I imagine the Chinese government also has an interest in not allowing the expertise to leave the country

This is, by far, my biggest concern with this acquisition. In markets where the iPhone is the major revenue driver, what incentive will carriers have to optimize their network for non-iPhone modems? I can easily see the US carriers neglecting Qualcomm modems to the point where if you want the best cellular experience, you have to use an iPhone.
A very large number of non-apple cell phones are sold in the US. This doesn't seem like a well founded fear.
That's definitely true, but I suspect that when you filter down to postpaid unlimited data plans (likely the customers with the highest margins), the iPhone's share of the market increases considerably.
That's true, but there is the perspective that iPhone users are more valuable, as they typically spend more money.
Not a large number of high end non Apple phones....
Samsung sells huge volumes of high end phones.
The average selling price of Samsung’s phones is $235. (https://www.sammobile.com/2017/08/02/average-selling-price-s...). Most of their phones are low end.
An average selling price doesn't speak to whether they ship a huge number of high end phones, just that if they do, they ship far more low end phones.
Apple drives the bulk of application sales revenue for sure. They probably represent a large plurality of phone hardware sales. I don't think they represent a sigificant chunk of carrier revenue though. An iPhone contract doesn't make them any more money than a junky Huawei one.
Is the iPhone the major revenue driver for any carrier? What matters to the carrier is the plan they can sell you, not the price of the phone you're using with that plan. I could believe that iPhone users on average have more expensive plans (due to being less price sensitive), but in most markets Android has the dominant market share.

Edit: I suppose carriers are regional, so the iPhone might be the major revenue driver in the US, but Android can't be too far behind. Neglecting 40% of your userbase doesn't seem like good business.

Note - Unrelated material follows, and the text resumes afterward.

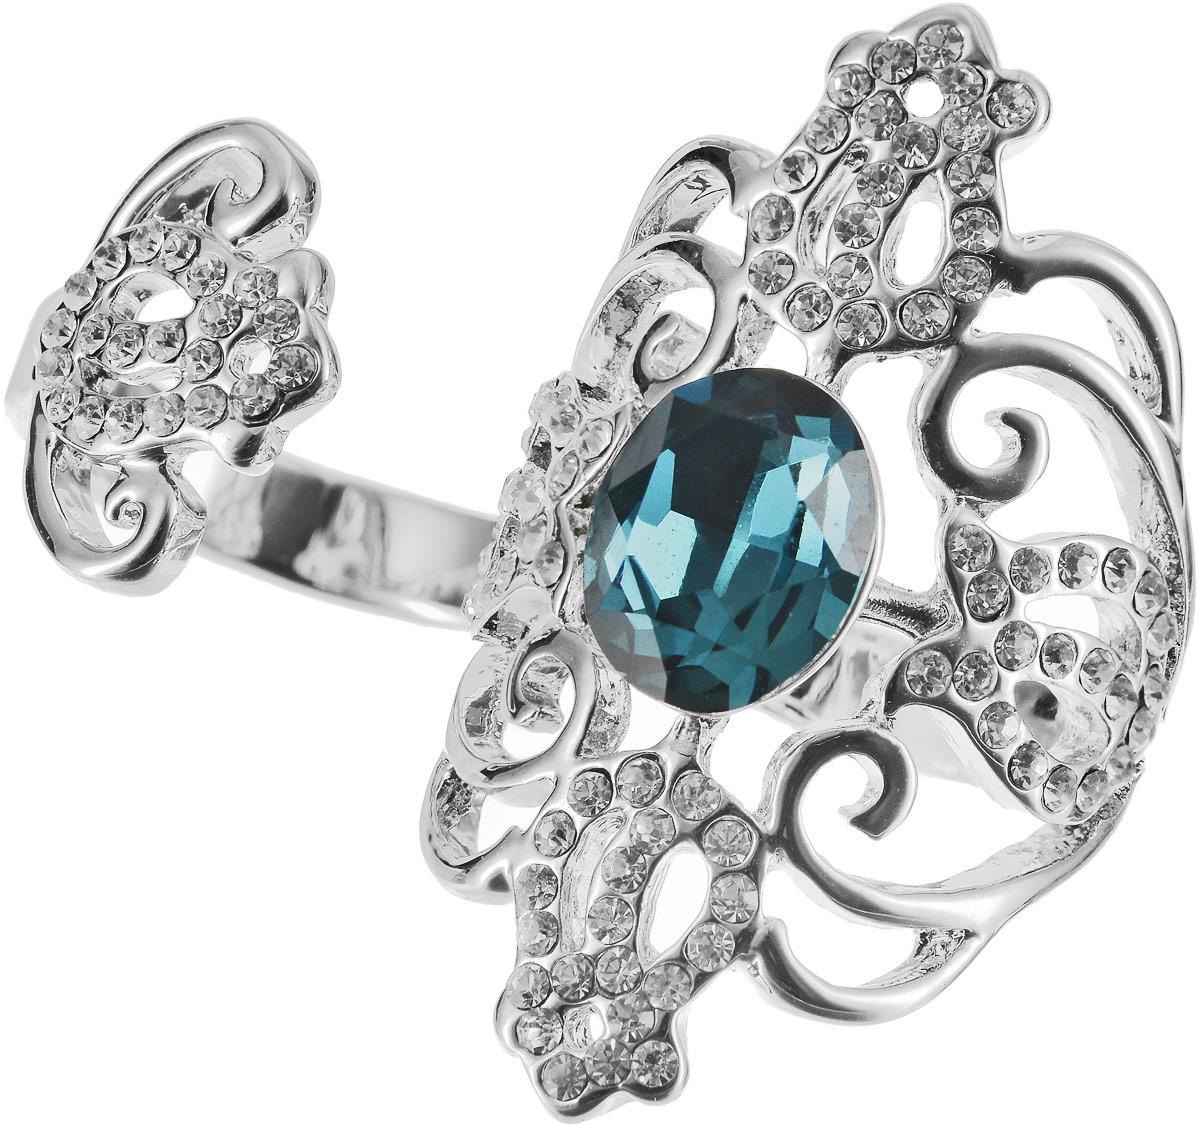 Кольцо Art-Silver, цвет: серебряный, бирюзовый. 06816-1319. Размер 1706816-1319Оригинальное кольцо Art-Silver выполнено из бижутерного сплава с гальваническим покрытием. Кольцо на два пальца украшено декоративными вставками. Элегантное кольцо Art-Silver превосходно дополнит ваш образ и подчеркнет отменное чувство стиля своей обладательницы.

iOS has < 50% market share in the US, and I think that's still where they have their highest market share. There should be no risk of other hardware platforms left as second class citizens under that status quo.
If Apple brought the design/implementation of their modems in house, as they have with much of their chipset design, and as a result Intel ceased pursuing the modem business, because they'd lost their biggest customer, would your concerns be the same?
Yeah, I mean I'm happy there may still be another player in the 5g space, but it's really really unlikely Apple will turn OEM and provide market competition the way Intel might have.
Here's to hoping this succeeds and Apple spins off the company to meet the demand of other manufacturers, similar to how it was involved with founding ARM Holdings.
This seems to be what happened with Apple's acquisition of Primesense, the originators of the old Xbox360 Kinect sensor.
There’s (much) more to the cellular modem market than Intel and Qualcomm.